New Hampshire Lottery Ticket 1964

==Modern history by country==

Notable prizes on different continents are:

| Prize (local currency) | Lottery | Country | Notable winner | Date | Notes |
|---|---|---|---|---|---|
| $2.04 billion pre-tax | Powerball | United States | One winner | 10 November 2022 | World's largest jackpot |
| £194 million | EuroMillions | United Kingdom | One ticket holder | 19 July 2022 | Europe's largest jackpot |
| RMB¥ 570 million | China Welfare Lottery | PRC China | One ticket holder from Beijing | 12 June 2012 | Asian largest prize and the biggest prize taken in China |
| R$244 million | Mega-Sena | Brazil | Three ticket holders from Franca (SP), Aparecida de Goiania (GO) and São Paulo. | 31 December 2012 | South America's largest prize |
| A$200 million | Powerball (Australia) | Australia | Three winners | 1 February 2024 | Australia's largest jackpot |

===Australia===

The first lottery in Australia took place in the 1880s in Sydney. It was a private sweepstakes that was quickly prohibited, despite being moved to other areas such as Queensland and Victoria.
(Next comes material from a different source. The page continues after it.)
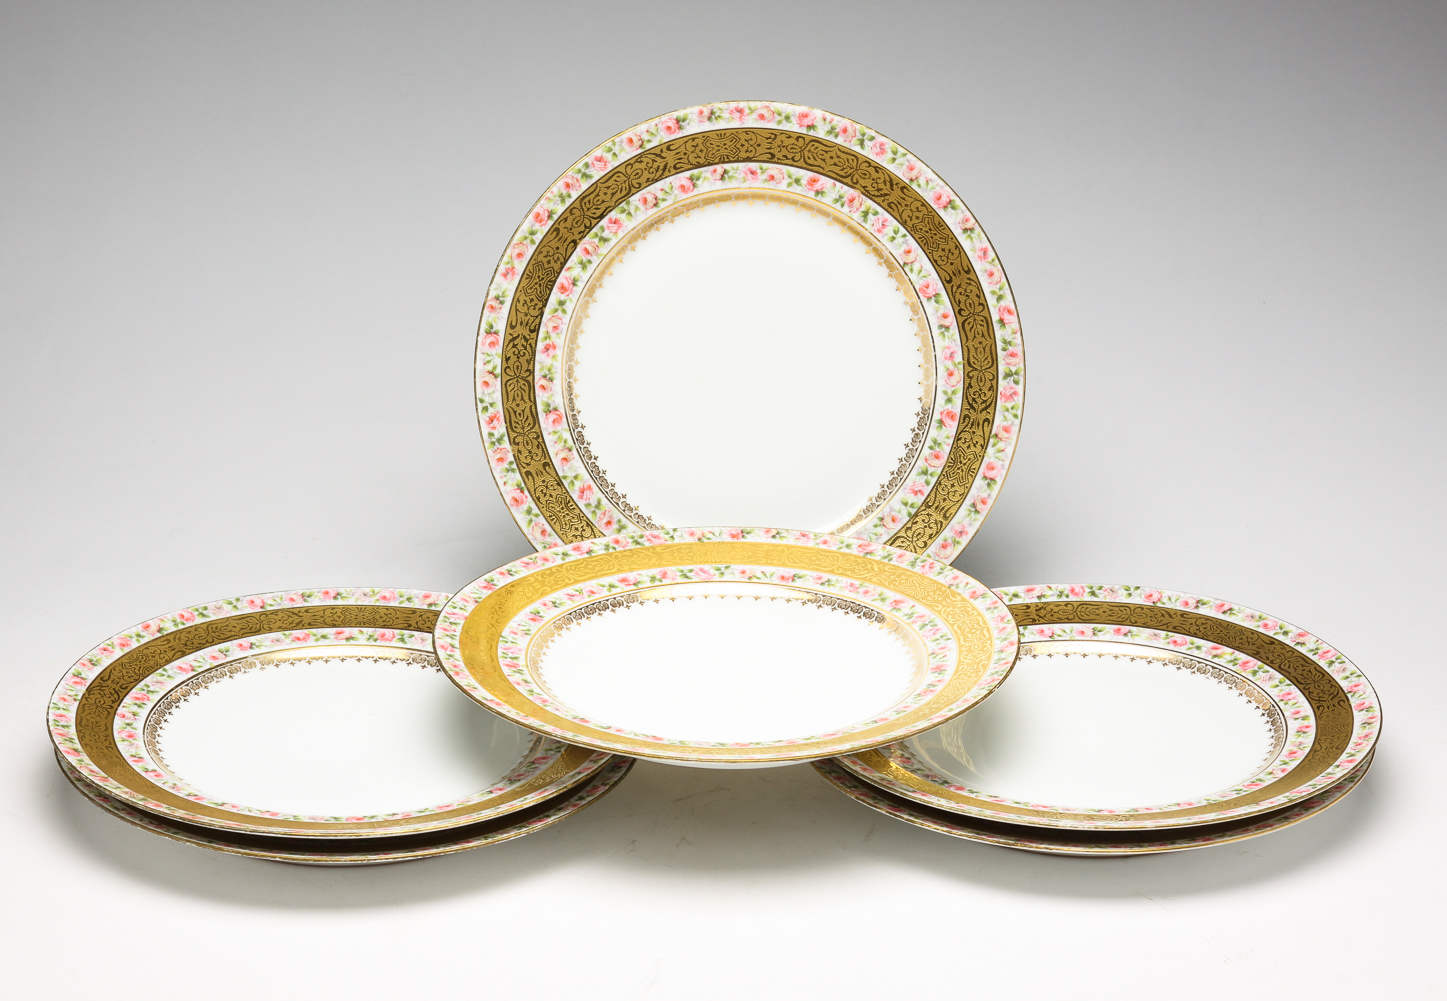 SIX FRENCH PLATES. Early 20th century,

In 1916, the Australian government started their own lottery, named the 'Golden Casket Art Union', with the intention of raising money for charities and projects. Its first draw is credited with raising funds for veterans of World War One.

===Canada===
Lotteries in Canada are administered by five regional organizations; the Atlantic Lottery Corporation (which serves Atlantic Canada), Loto-Québec, the Ontario Lottery and Gaming Corporation, the Western Canada Lottery Corporation (which serves Western and Northern Canada, excluding British Columbia), and the British Columbia Lottery Corporation. The five regional lotteries are members of a consortium known as the Interprovincial Lottery Corporation, which administrates national games, including the flagship Lotto 6/49 and Lotto Max. The five lotteries offer draw games, scratch cards, and sports betting—the latter primarily under the brand Sport Select.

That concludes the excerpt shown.